The same basic laser platform can be used across a variety of markets, from PON to enterprise applications such as 10GBase-LX4, O’Gorman says. In fact, the company unveiled at the show a TO-38-based TOSA for 4-Gbit/sec Fibre Channel applications based on the same technology.

The staff at Redfern Integrated Optics Inc. (RIO-Santa Clara, CA) also was eager to show how far they’ve progressed in the past year. The company uses PLC technology to create an external cavity laser with controlled negative chirp that crams high power into a small package. (See “PLC Development Gets Active,” Lightwave, May 2005, page 1.) According to Lew Stolpner, RIO’s director of product management, the company is “finalizing productization” on its initial devices. Samples of its directly modulated 10-Gbit/sec 1550-nm TOSAs are in customers’ hands while it undergoes Telcordia qualification. Stolpner says RIO will have its first products fully qualified by the middle of this year.

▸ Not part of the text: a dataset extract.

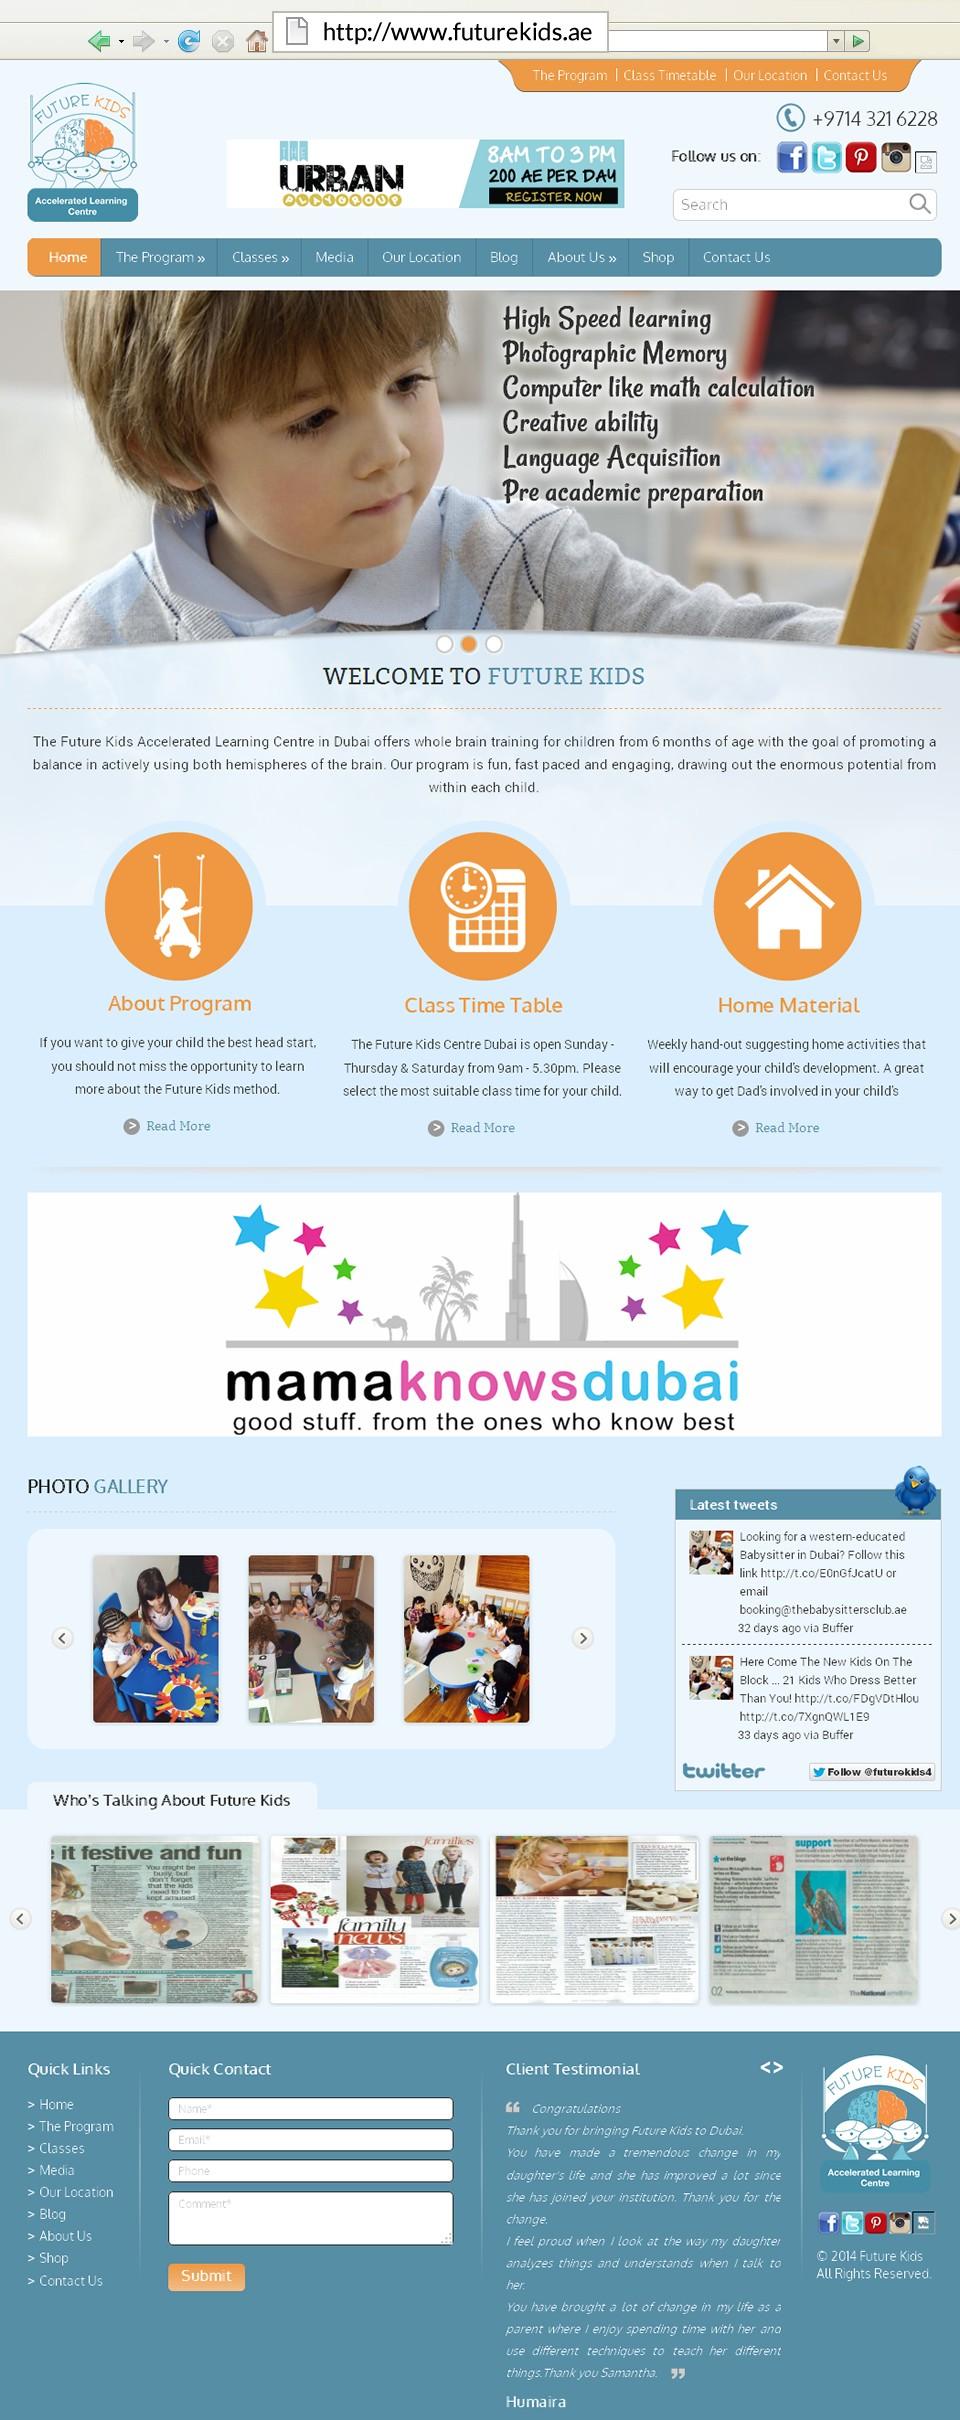 http://www.smartinfosys.net/49586/future-kids.jpg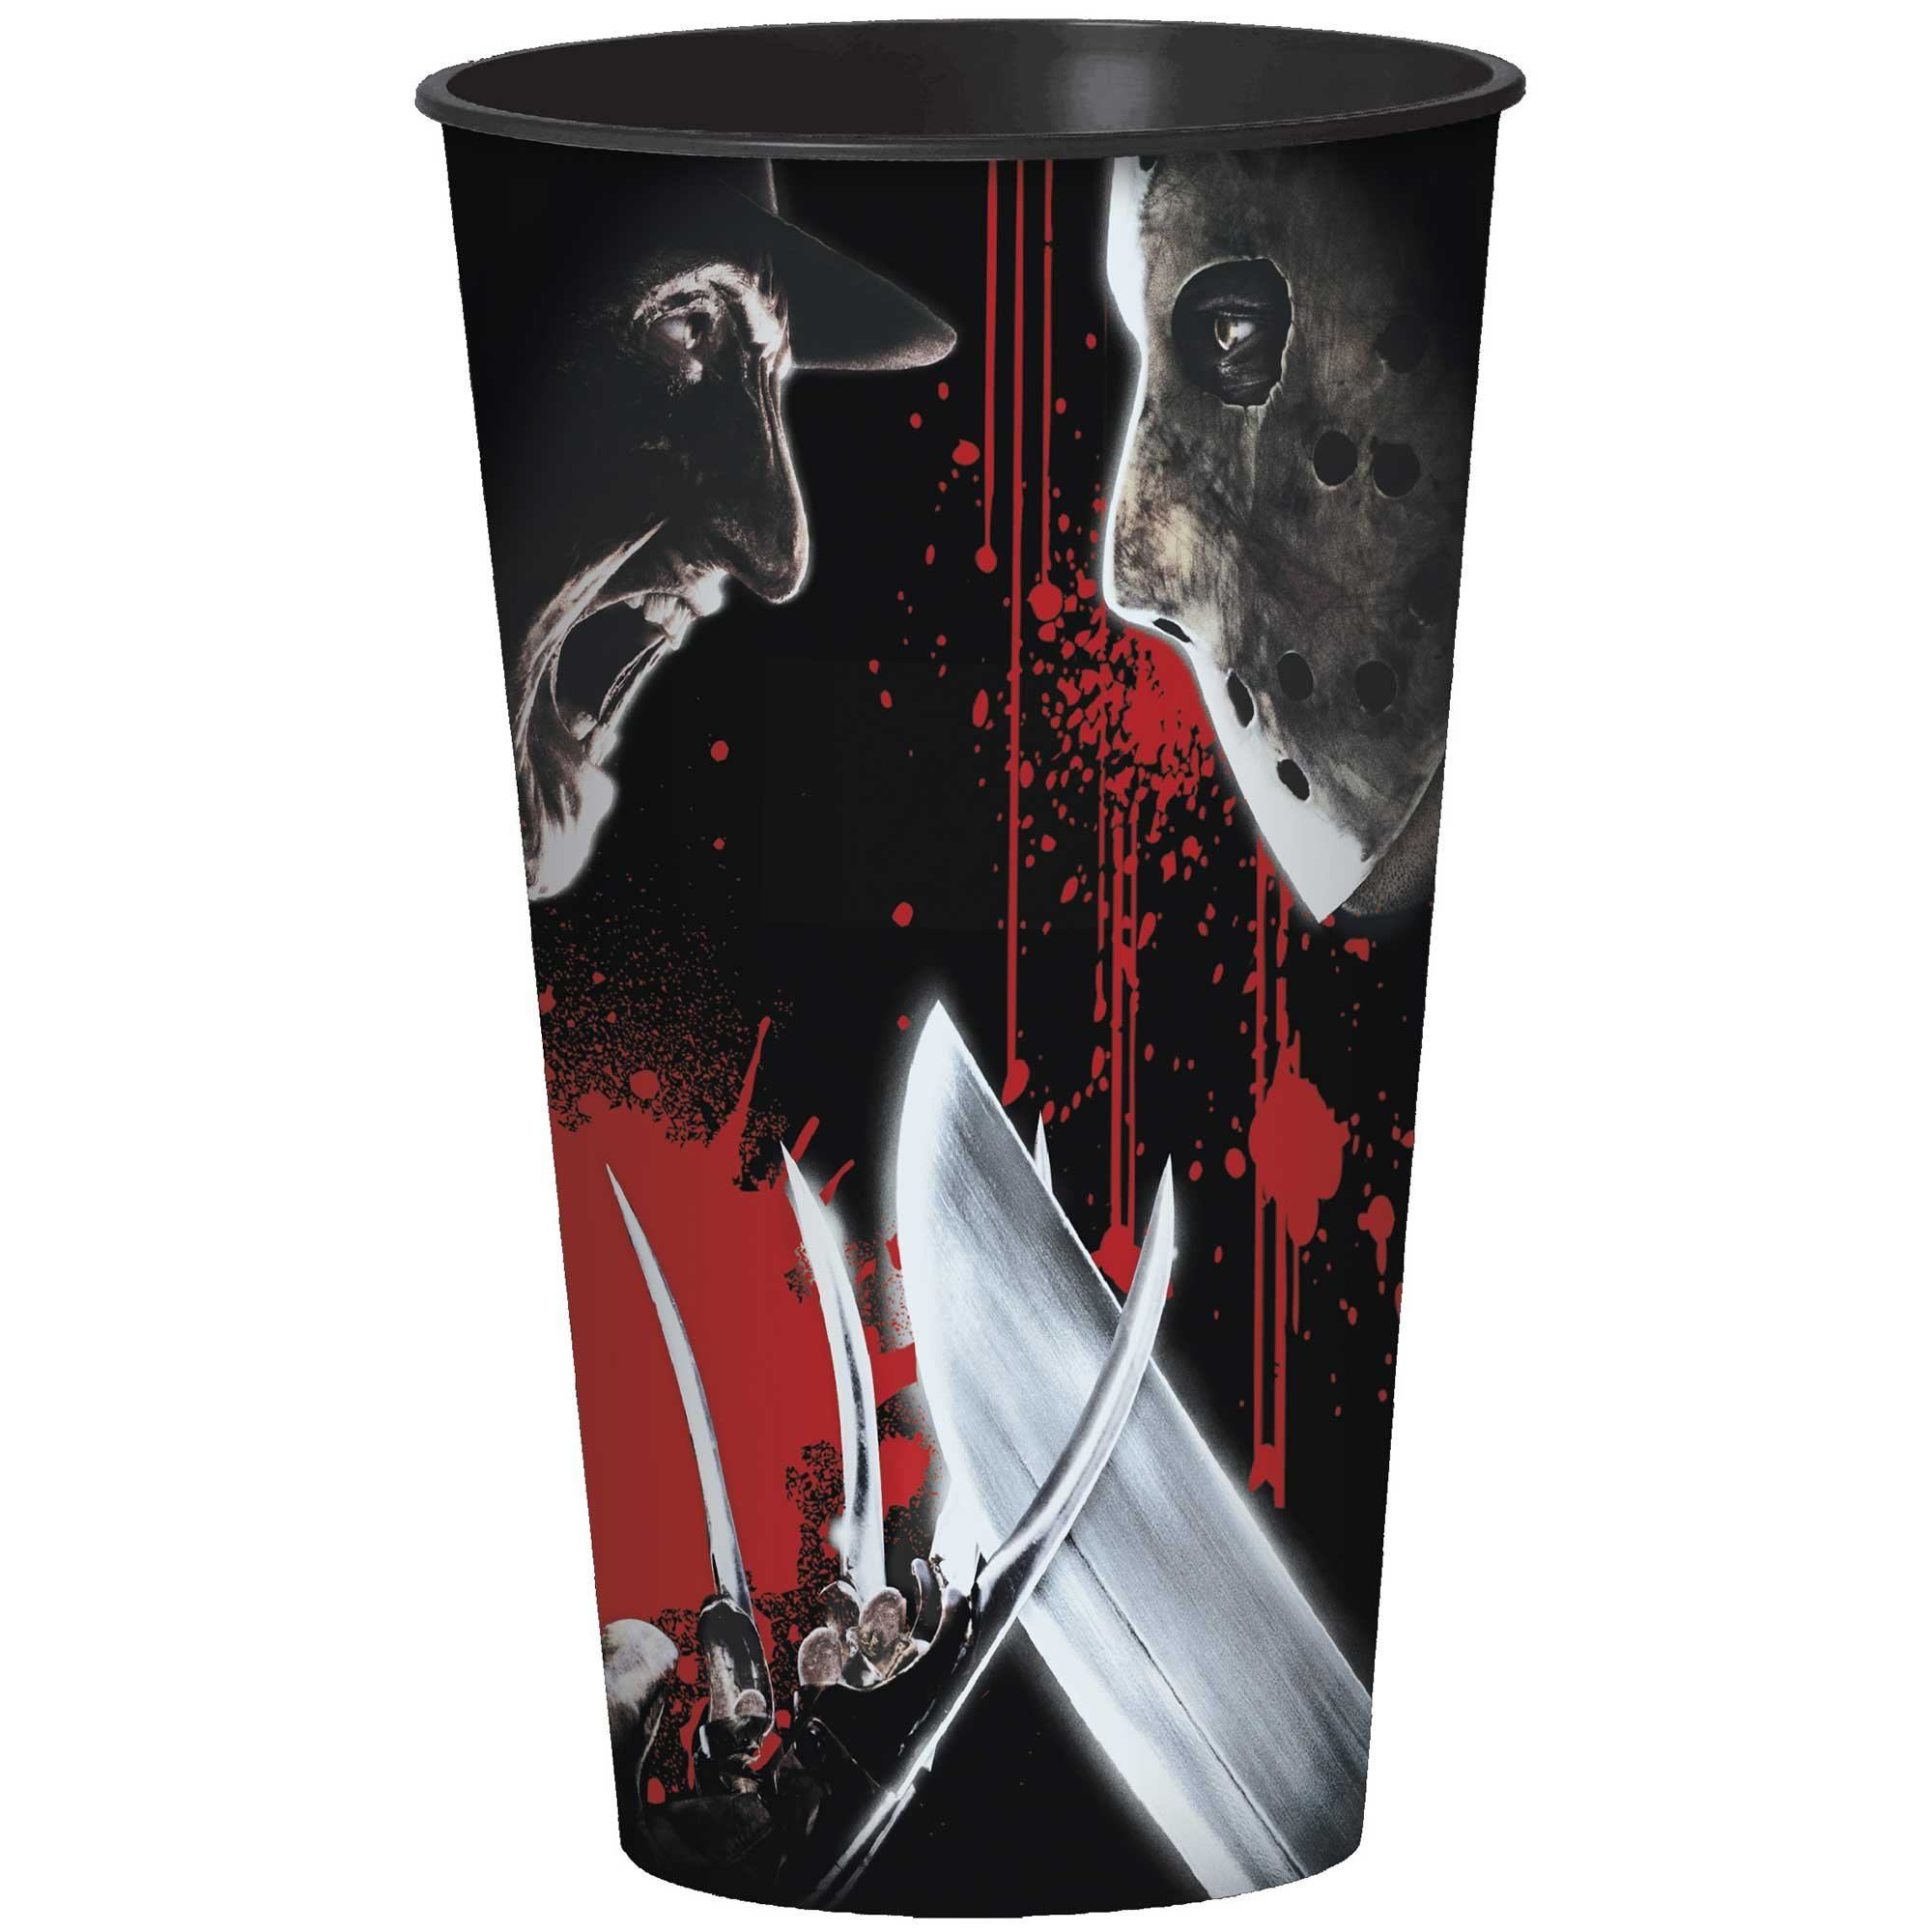 Freddy Versus Jason Plastic Cup 32oz/946ml

Meanwhile, the company used OFC/NFOEC to demonstrate the ability of its lasers to work with current laser drivers in future form factors. With the emerging SFP+ form factor a hot topic of discussion on the show floor (see related article, page 1), RIO demonstrated that it might be one of the few companies in a position to support extended-reach versions of such a module. RIO paired one of its lasers with a PIN/TIA receiver with automatic gain control from Archcom.

However, the company’s immediate focus is on providing 10-Gbit/sec devices for use in modules based on existing form factors, particularly XFP, X2/XPAK, and XENPAK. Since the negative chirp is created and controlled within the laser cavity, RIO’s lasers don’t require additional external control, which makes it compliant with the multisource agreements behind these form factors, Stolpner asserts. He also touted the ability of RIO’s PLANEX technology to support DWDM applications at 100- and 50-GHz line spacings without the need for wavelength lockers.

ColorChip, Eblana, and RIO represent only three out of many emerging companies who demonstrated innovation progress across several technology fronts, from long-wavelength VCSELs (Denmark’s Alight reported it has successfully paired the 1300-nm VCSEL technology it acquired from Infineon with its in-house PBG technology, while Picolight showed its device housed in a potential SFP+ form factor) to industrial-temperature devices (including 1310- and 1550-nm TOSAs from Apogee Photonics) and various forms of tunability (see “Smaller Companies Get in Tune” on page 20). Larger companies continue to gain the most attention, but smaller firms demonstrated at OFC/NFOEC that they’re worth a look as well.